**EXERCISE MATERIALS**.
- Opening Delimiter -

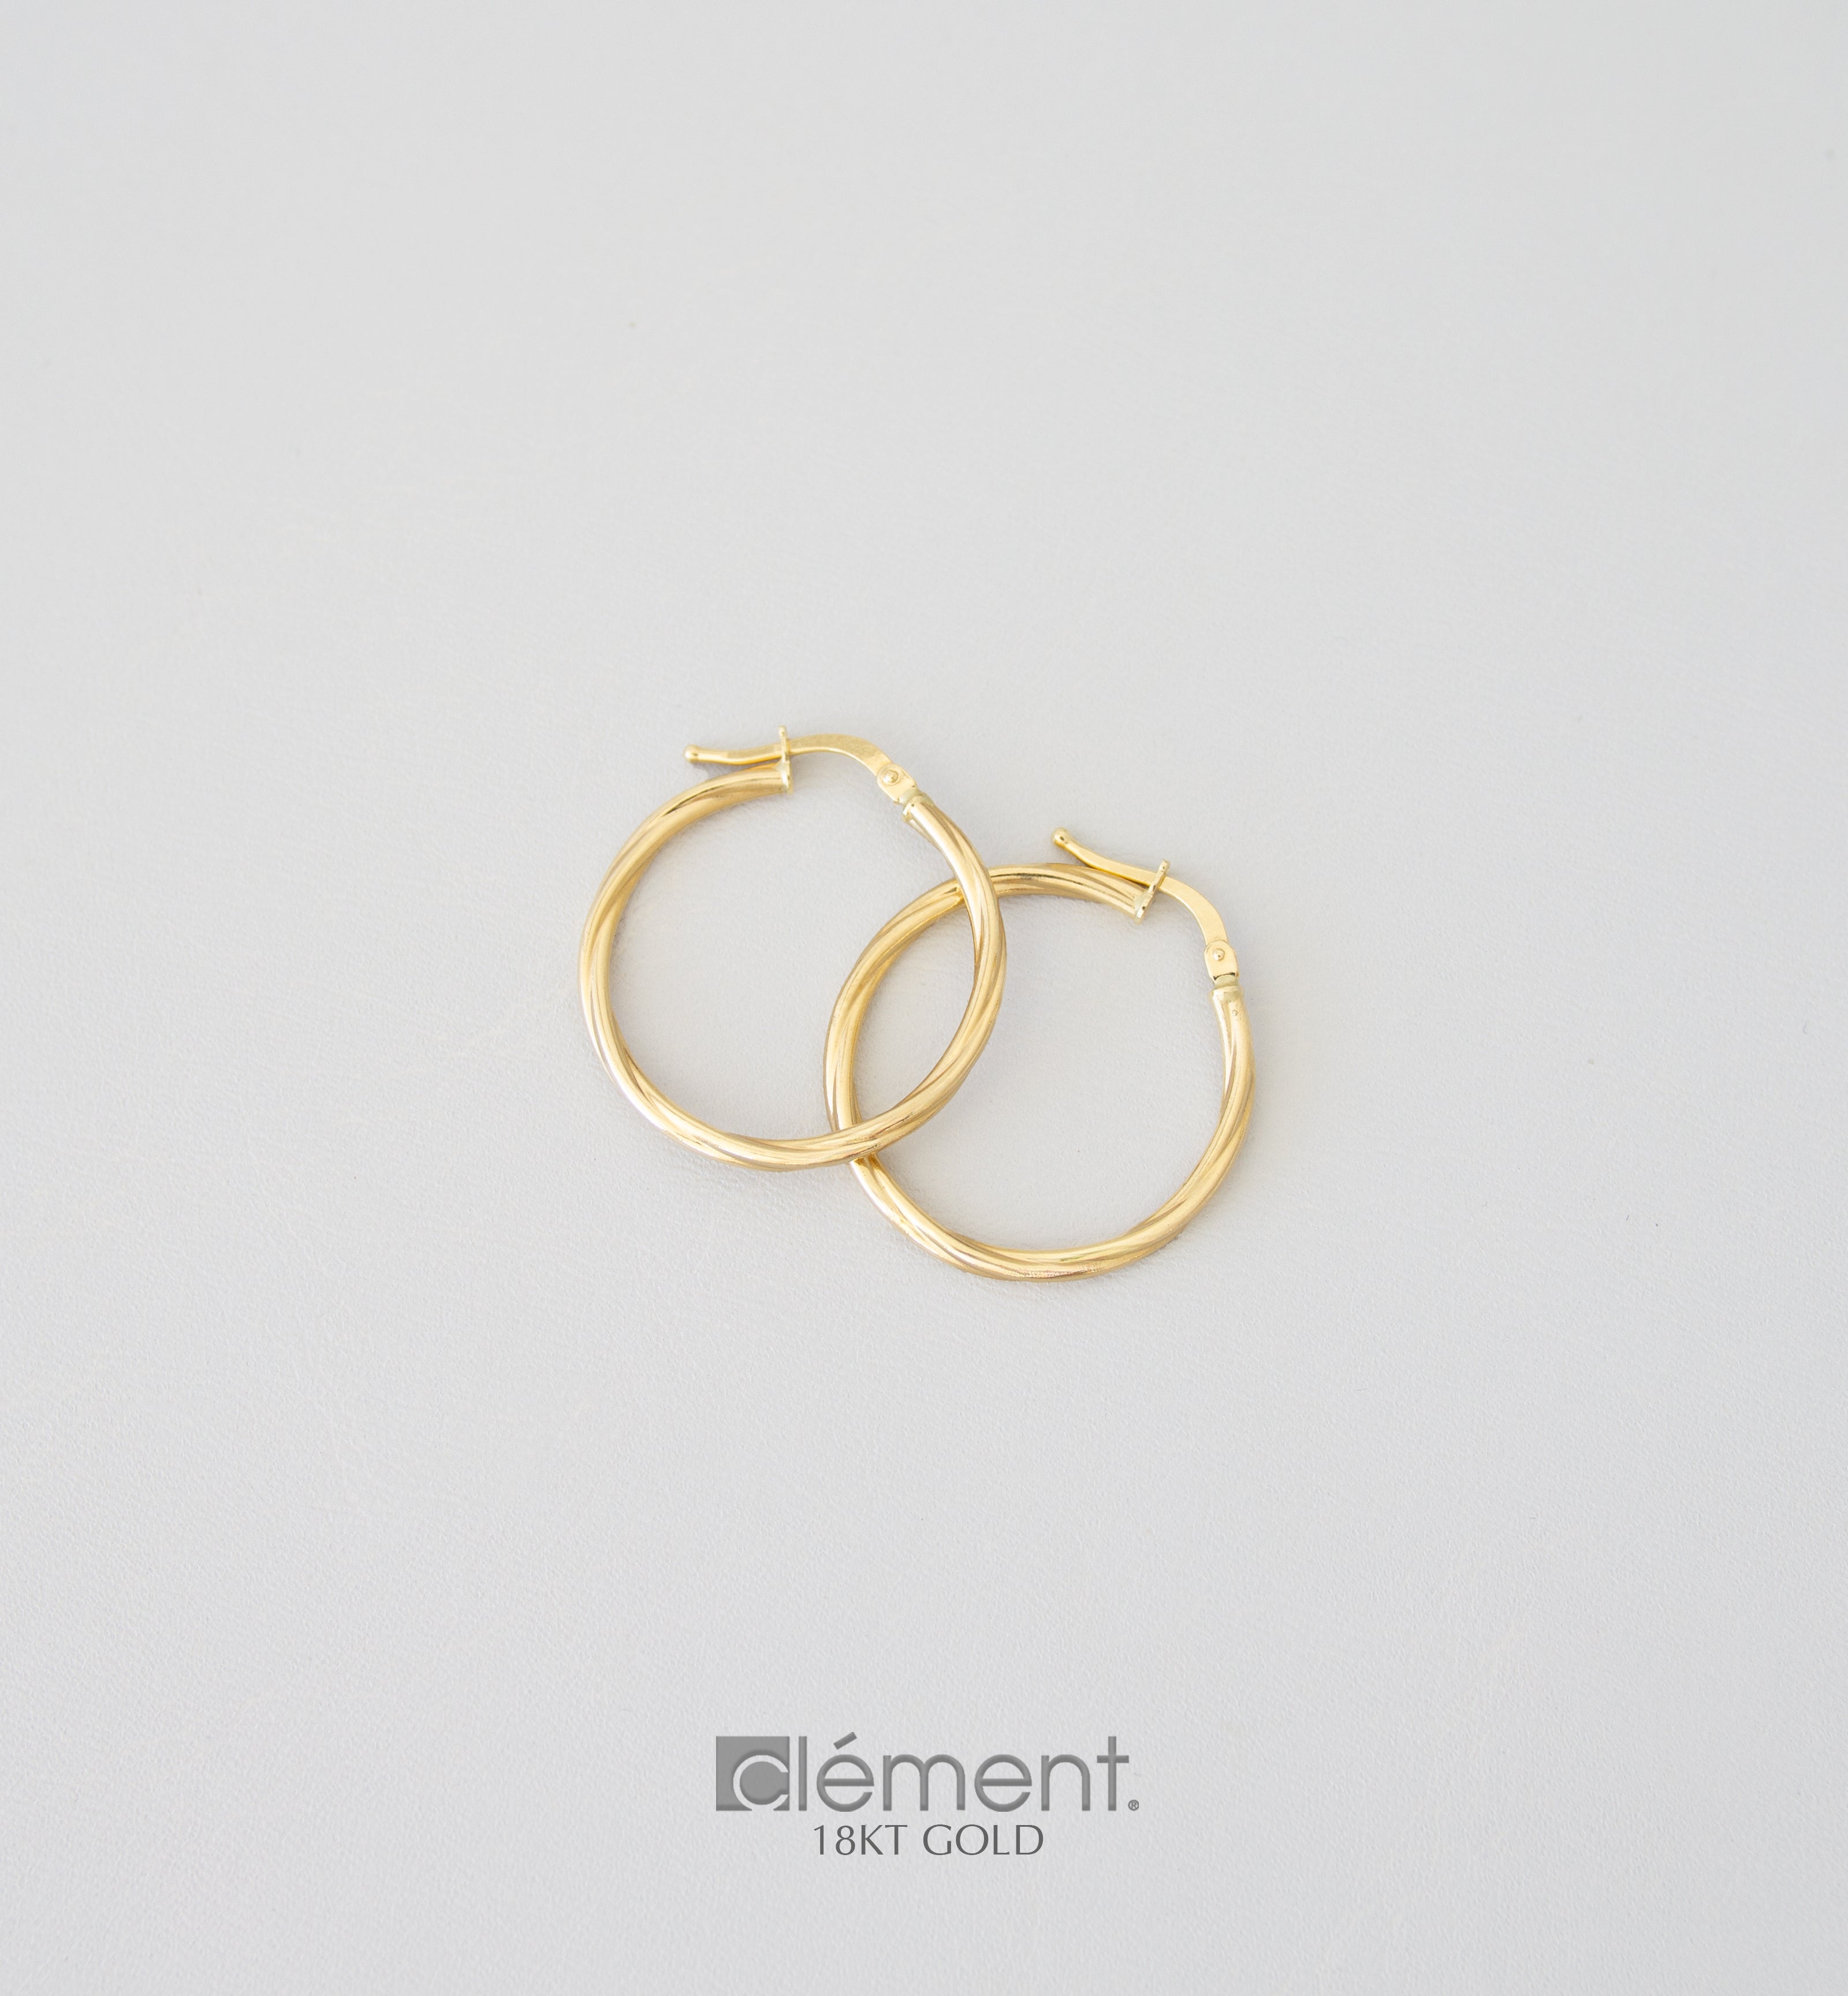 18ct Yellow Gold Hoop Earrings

- Closing Delimiter -
- Opening Delimiter -

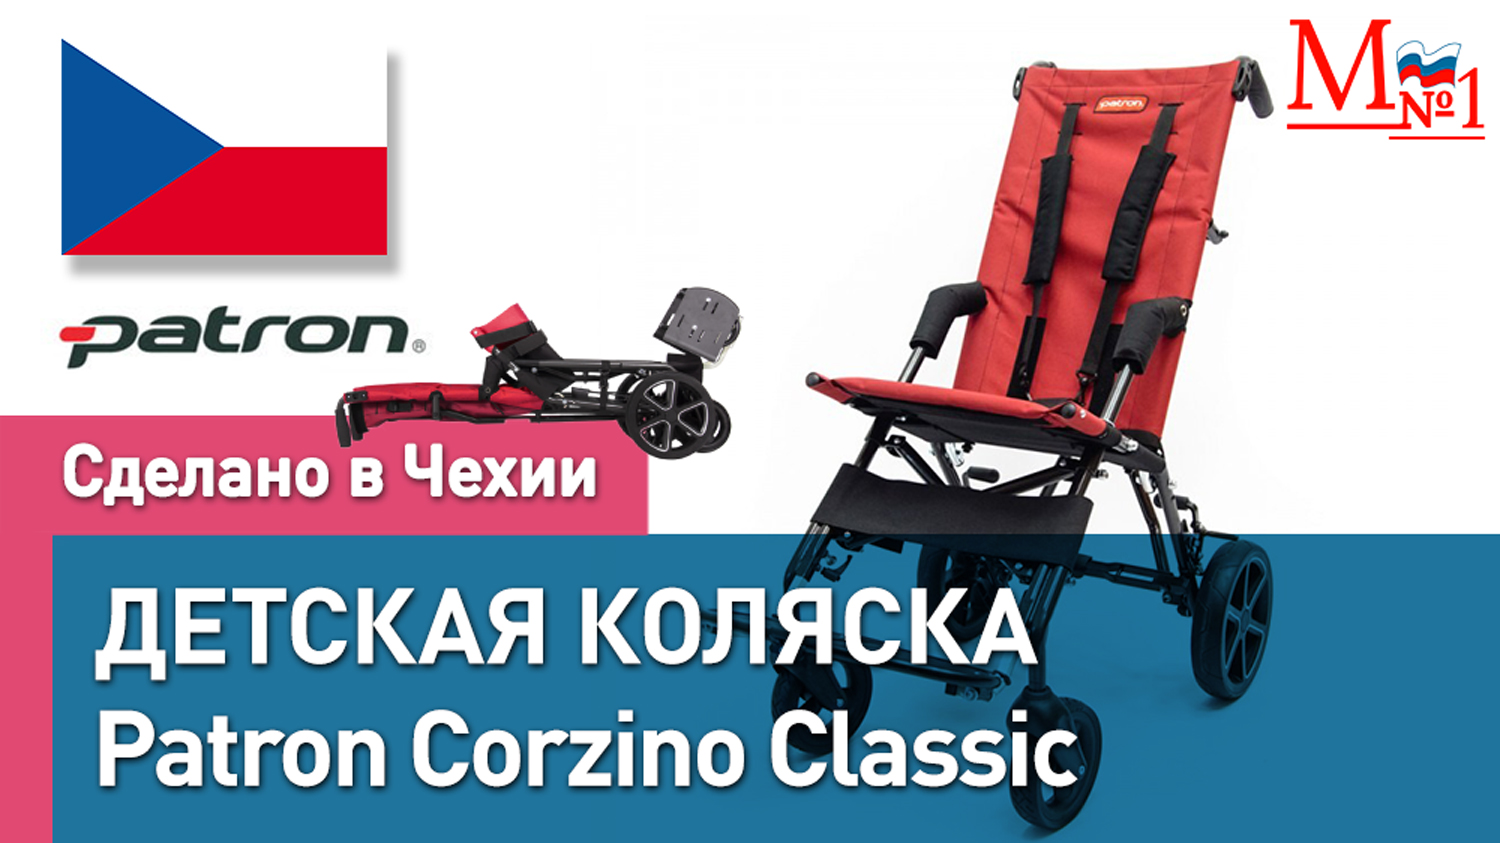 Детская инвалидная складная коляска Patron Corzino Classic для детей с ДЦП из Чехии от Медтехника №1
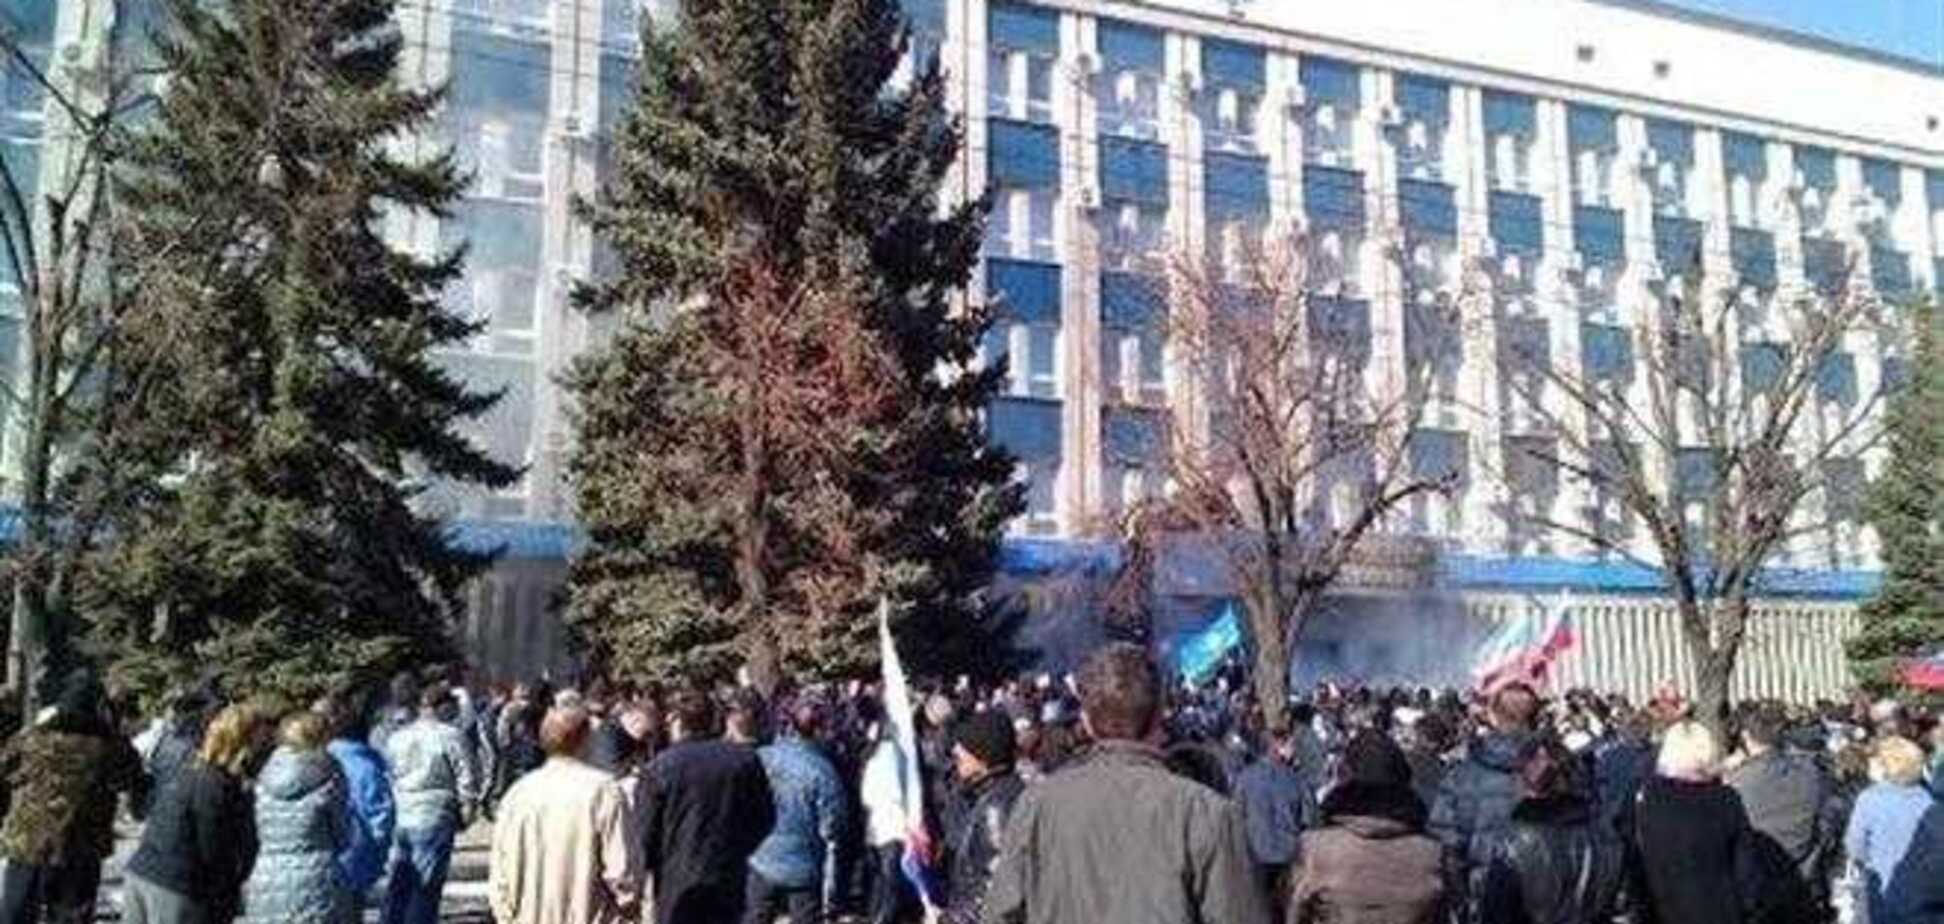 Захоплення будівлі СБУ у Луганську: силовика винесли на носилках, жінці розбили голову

- Closing Delimiter -

**YOUR ASSIGNMENT**.
With the pictures omitted, print the lines above exactly, beginning at the line with "Детская инвалидная складная" and going on through the line with "Захоплення будівлі СБУ".

**SOLUTION FOR THIS PROBLEM**.
 Детская инвалидная складная коляска Patron Corzino Classic для детей с ДЦП из Чехии от Медтехника №1
 Захоплення будівлі СБУ у Луганську: силовика винесли на носилках, жінці розбили голову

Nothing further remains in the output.